Feature #8395
openTask #8388: firewall: support protocol hooks for all app-layer protocols
firewall: support SNMP hook states for firewall rule evaluation
Description
SNMP is a common network management protocol that firewalls frequently need to control. In Suricata 8.0.4, SNMP app-layer hook states are not registered for firewall mode. Attempting to use any snmp:* hook in a firewall rule fails with the error: "protocol snmp does not support hook".
Without SNMP hooks, SNMP traffic on UDP port 161/162 can only be controlled at the packet layer. While packet-layer rules can accept SNMP packets, the app-layer parser still engages and the flow may be subject to default_app_policy behavior. Registering SNMP hooks would allow the firewall engine to make explicit accept/drop decisions at the application layer.

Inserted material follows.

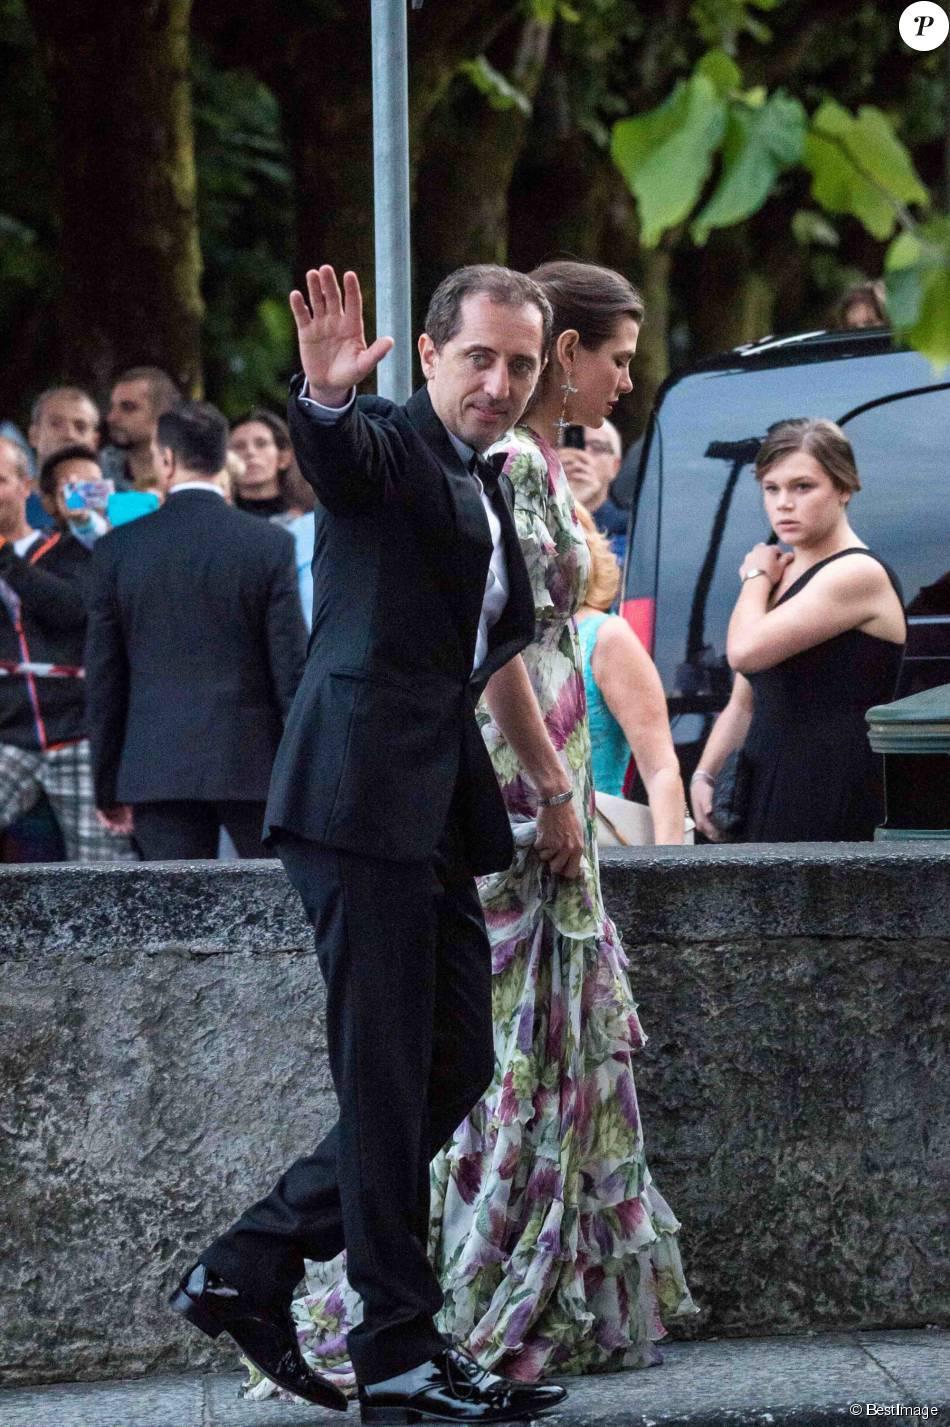 Charlotte Casiraghi et son compagnon Gad Elmaleh lors de la soirée de mariage de Pierre Casiraghi et Beatrice Borromeo au château Rocca Angera à Angera sur les Iles Borromées, sur le Lac Majeur, le 1er août 2015

Based on the SNMP protocol structure, the following potential states are recommended:- GET request sent
- GETNEXT request sent
- SET request sent
- GETBULK request sent
- Response received
- Trap received (v1)
- InformRequest sent
- InformRequest acknowledged
- SNMPv3 authentication/encryption negotiation
- Report received
At minimum, a request/response hook pair would enable basic firewall control. A trap hook would allow policy enforcement on unsolicited notifications (port 162).
Updated by Victor Julien 3 days ago
- Tracker changed from Bug to Feature
- Subject changed from Firewall mode: Register SNMP hook states for firewall rule evaluation to firewall: support SNMP hook states for firewall rule evaluation
- Assignee set to OISF Dev
- Priority changed from Normal to High
- Target version changed from TBD to 9.0.0-beta1
- Affected Versions deleted (
8.0.4)
Updated by Victor Julien 2 days ago
What would a ruleset look like with these hooks?
In HTTP1 the hooks follow the distinct stages of a transaction, that can happen over many packets: leading up to the request line (request_started), having the request line complete (request_line), headers, body, etc. AFAICS in SNMP we have single packet requests and responses, so there isn't per transaction state progression.